Economic conditions in some of instrumentation’s biggest markets are dampening sales of both equipment and consumables. Stock analysts point out that spending by the pharmaceutical and biotech industries, which accounts for about 30% of the life sciences tools market, has been declining. In the government and academic arenas, which make up another 30% of the market, budgets are at best uncertain, if not down, and economic stimulus monies are running out.
Not surprisingly, high-end equipment and infrastructure are the most likely laggards along with basic lab equipment, all down 3–4%, says Peter Lawson, executive director at investment firm Mizuho Securities USA, about academic spending plans over the next 12 months. “Reagents appear better positioned,” he adds, “but still down approximately 2%.” In Mizuho’s academic spending survey, 25–30% of respondents think purchases of consumables will be down, compared with 42% who say spending on instruments will drop.
Lawson reports similar trends in the market for gene sequencing, with funding expected to be down and 29% of genomics labs cutting back.
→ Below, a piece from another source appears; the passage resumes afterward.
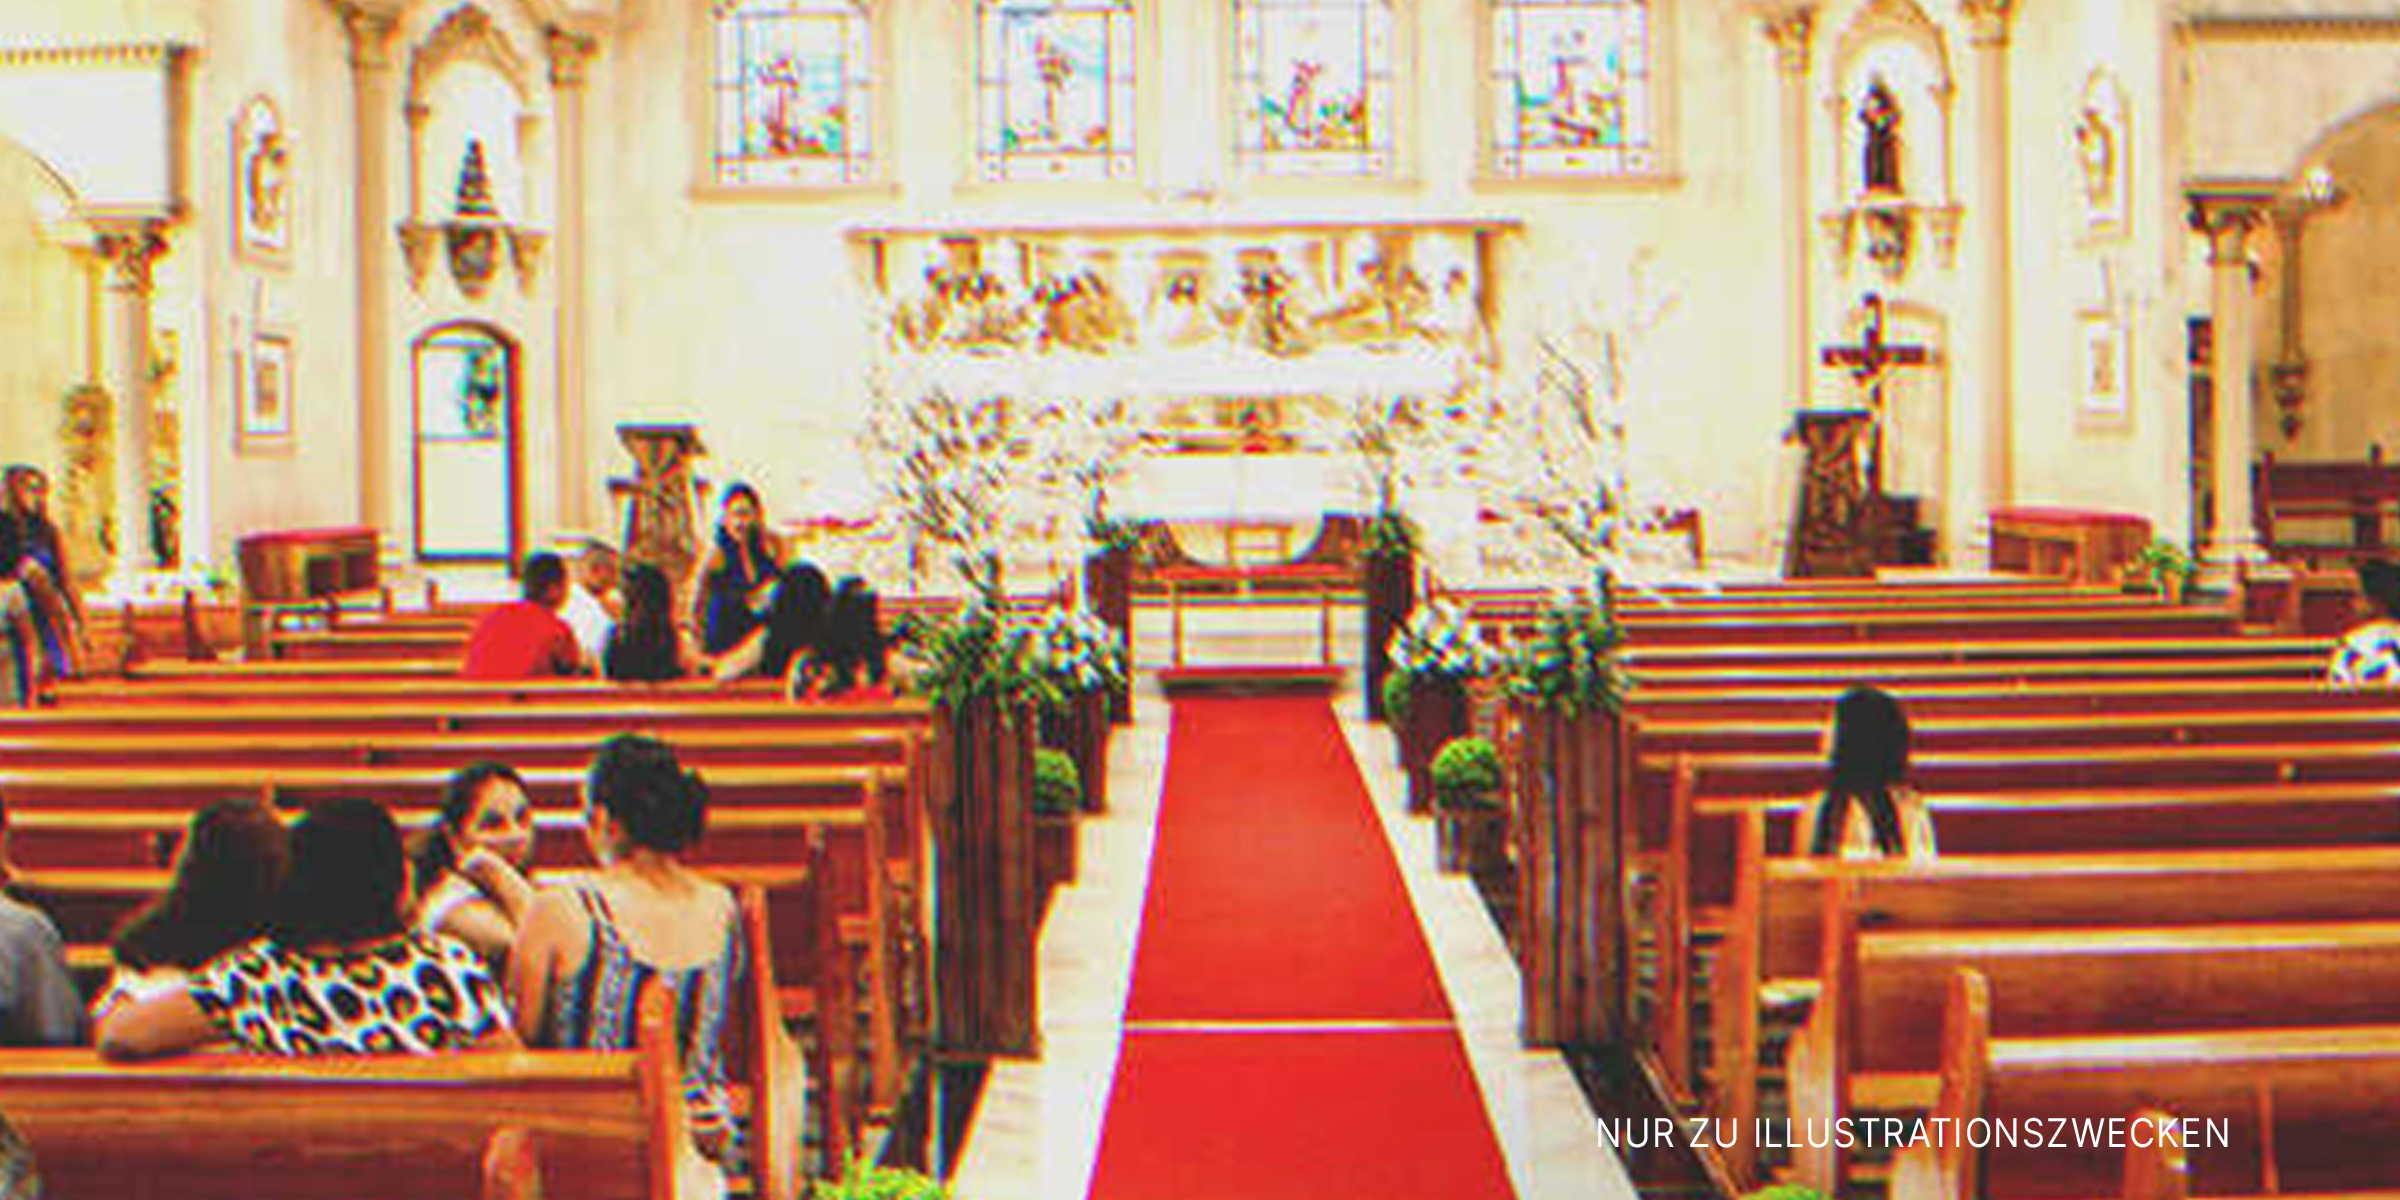 Eine Kirche während einer Hochzeitszeremonie | Quelle: Shutterstock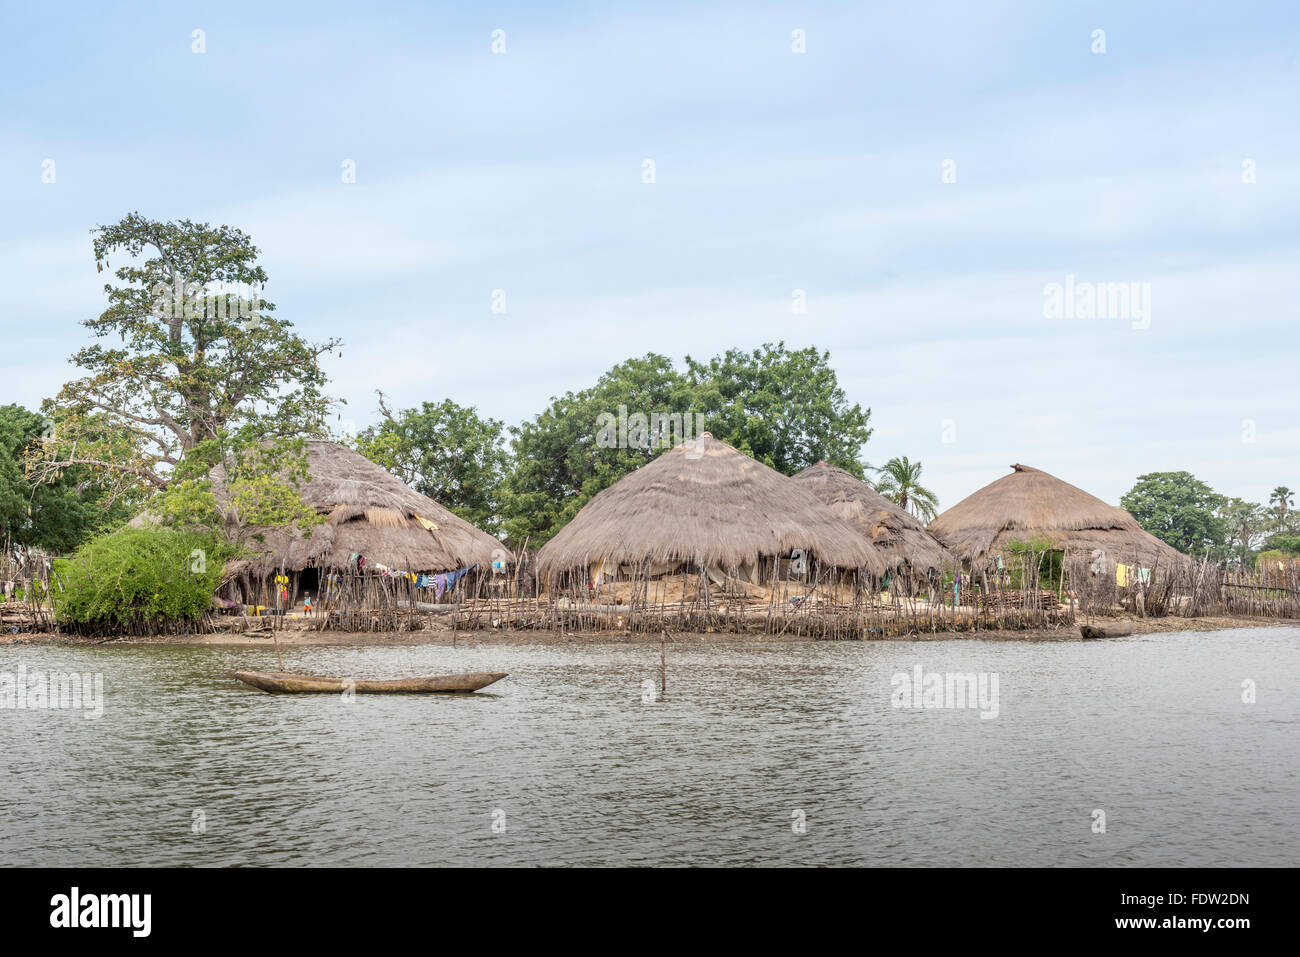 Le village d'Elia, profonde dans les mangroves du nord de la Guinée Bissau Banque D'Images

These large-volume users have been delaying purchases of both instruments and consumables. When reporting third-quarter sales and earnings, Illumina, which leads in this market, highlighted negative factors that it expects to continue at least through 2011.
“We saw what we believe to be an unprecedented slowdown in purchasing due to uncertainties in research funding and overall economic conditions, as well as a temporary excess of sequencing capacity in the market,” Illumina Chief Executive Officer Jay T. Flatley said when reporting results in October. The excess capacity has decreased the consumables revenue per instrument owing to fewer runs.
Overall, consumables continue to fare better than boxes. “Companies with high consumables flow, such as Qiagen and Life Technologies, appear more insulated versus more instrumentation-exposed companies like Bruker and Waters,” Lawson says.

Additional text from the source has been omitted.